Best of Lost: The Gerry-Mander

As I am still in the final stretch of finishing up my scandal book of Capitol Hill, it seems appropriate that this weeks rerun is one of the scandals that will feature prominently in my book. Look for new columns starting in two weeks, and the book to be released Friday, April 13.

With all the discussion about redistricting, and how the boundaries are not being drawn to keep neighborhoods together but rather for other political considerations, it brings to mind the good old American tradition of gerrymandering, a tradition almost as old as the United States – and one that has, of course, a Capitol Hill connection.

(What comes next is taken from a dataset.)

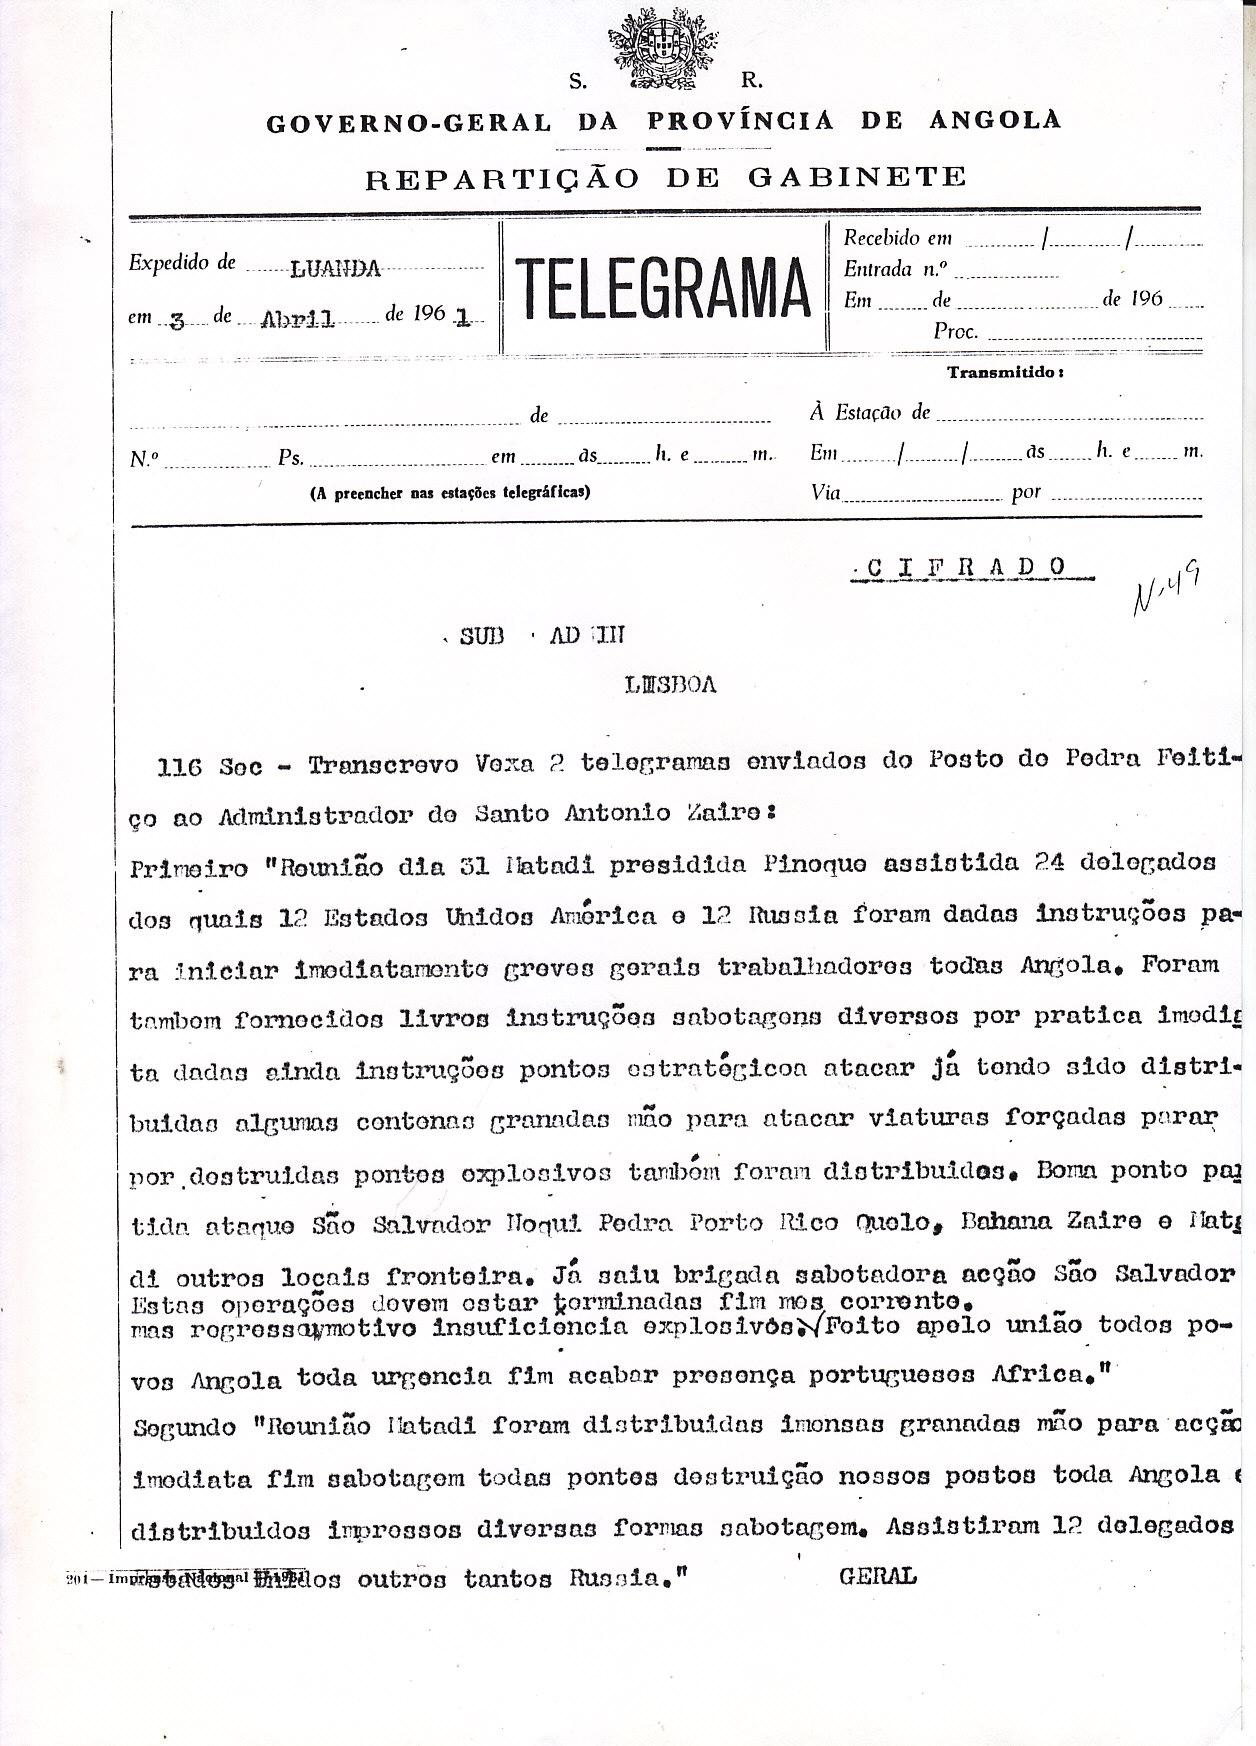 Alvaro_Silva _Tavares_telegrama_0008

In 1812, the Massachusetts needed to redraw the state’s districts, and – in order to keep the current governor’s party in power – proceeded to make a number of very strange-looking districts into which all the Federalists were packed, ensuring that the Governor’s Democratic-Republican party would win all the rest of the districts and thus stay in power.

One particular district, near Boston, was deemed to resemble a Salamander, and this gave rise to a famous political cartoon, which gave the district claws, wings, and a sharp-teethed mouth. Its name? A combination of salamander and the governor Elbridge Gerry’s name: The Gerry-Mander.

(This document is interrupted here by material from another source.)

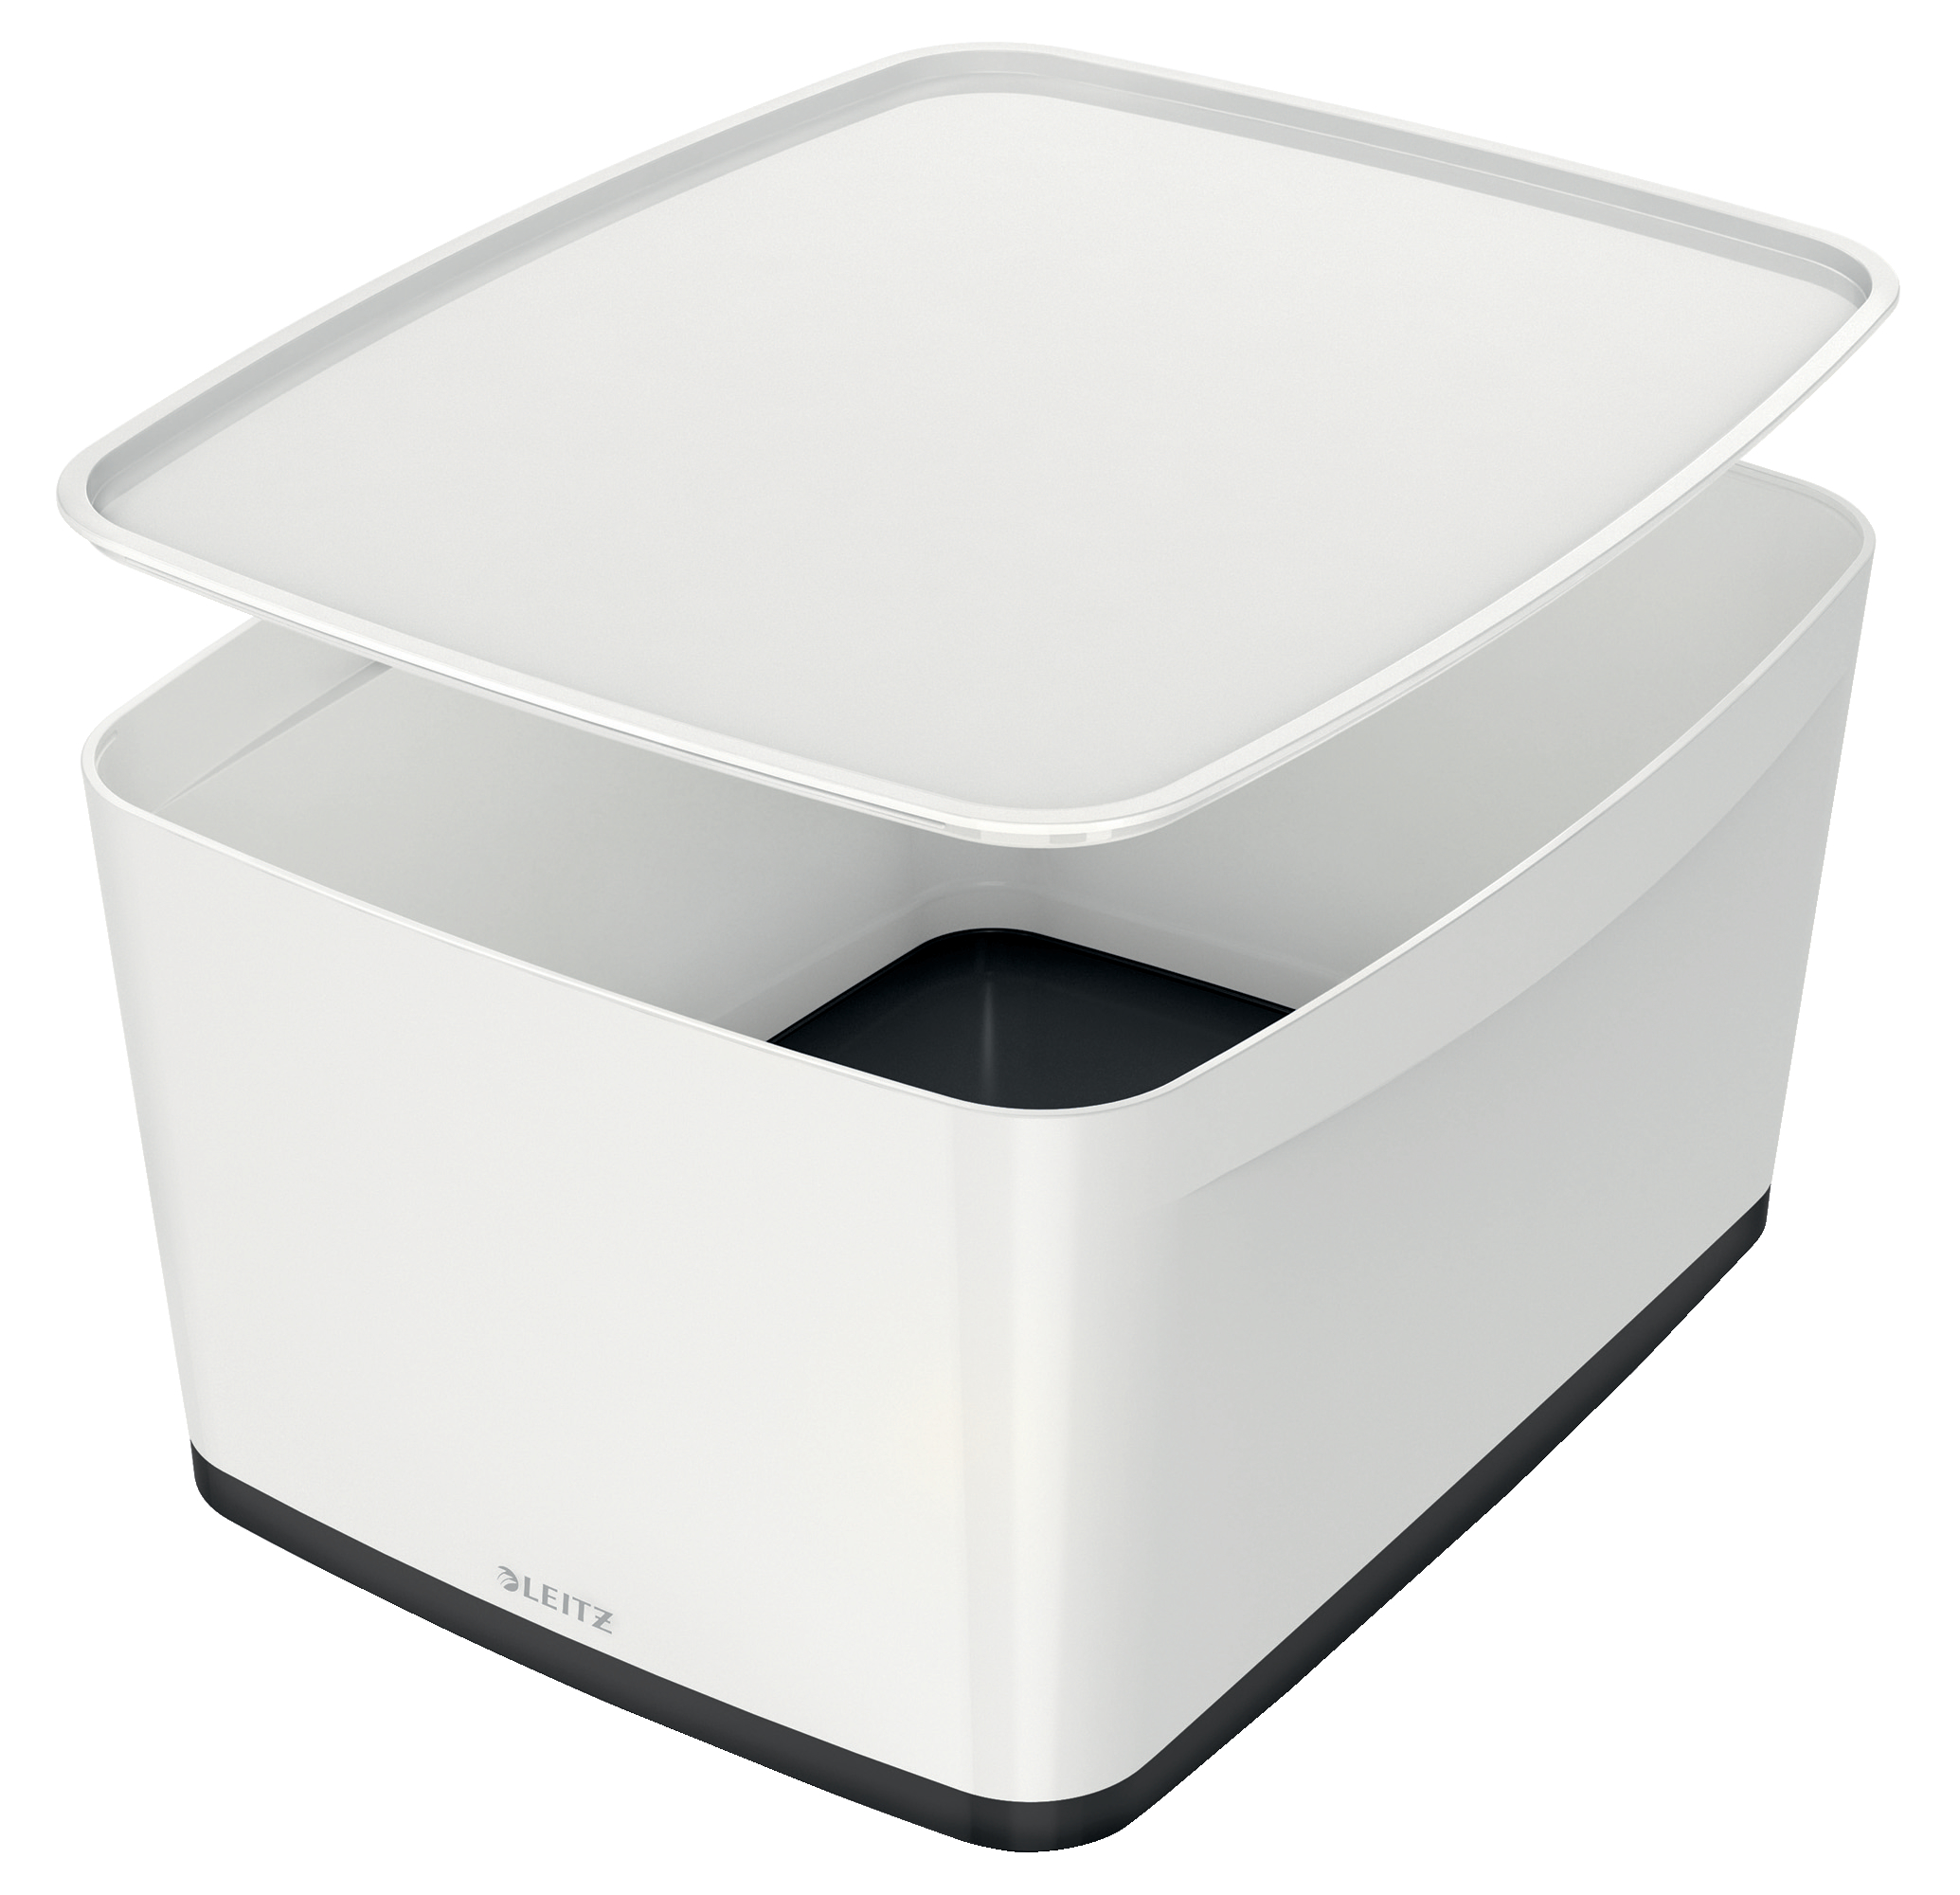 Leitz MyBox Large with Lid WOW White Black

The cartoon was widely reprinted in Federalist-supporting newspapers across the state, and soon the word had entered the vernacular at gerrymander. (Though the governor’s name was pronounced with a hard g, ‘gerrymander’ for some reason starts with a soft g)

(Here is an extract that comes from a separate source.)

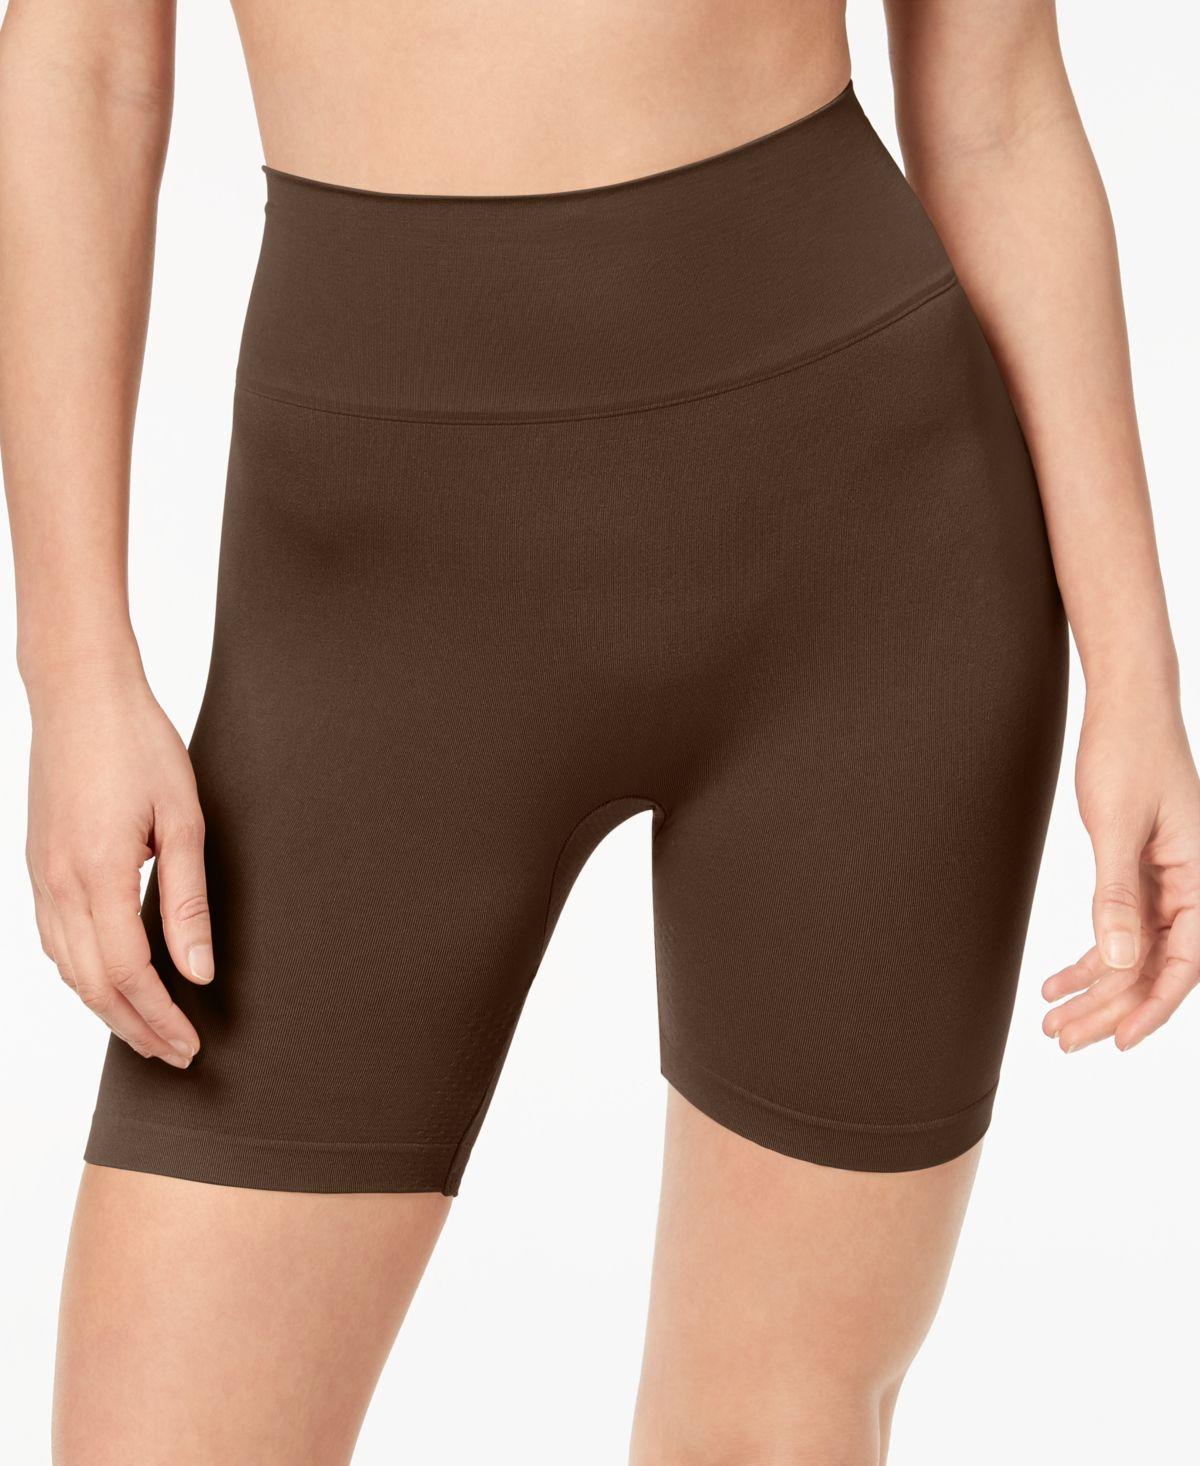 Tc Shapewear Firm Control Hi-waist Thigh Slimmer In Black

The Gerry-Mander cartoon as printed in the Boston Gazette on March 26, 1812. Neither the originator of the word Gerry-Mander, nor the author of this cartoon has ever been determined (Wikipedia)
For all the good that it might have done for his party, the redistricting did not do Gerry any good: He was defeated in his attempt to seek a third one-year term in 1812.

Instead, he found himself picked for greater things when James Madison picked him as his vice president. George Clinton, the previous veep, had died in office and Madison picked Gerry, who had in his 68 years been a delegate to the Continental Congress; a member of the Constitutional Convention; and a representative from Massachusetts; as well as being governor.

Unfortunately for Gerry, the office of vice president was no more hospitable to him than it had been for his predecessor, and Gerry died of a heart attack in DC on November 23, 1814.

He was buried in (and here we finally get to the Capitol Hill connection) Congressional Cemetery, and remains there to this day. You can visit him at his grave in Range 29, site 9-11.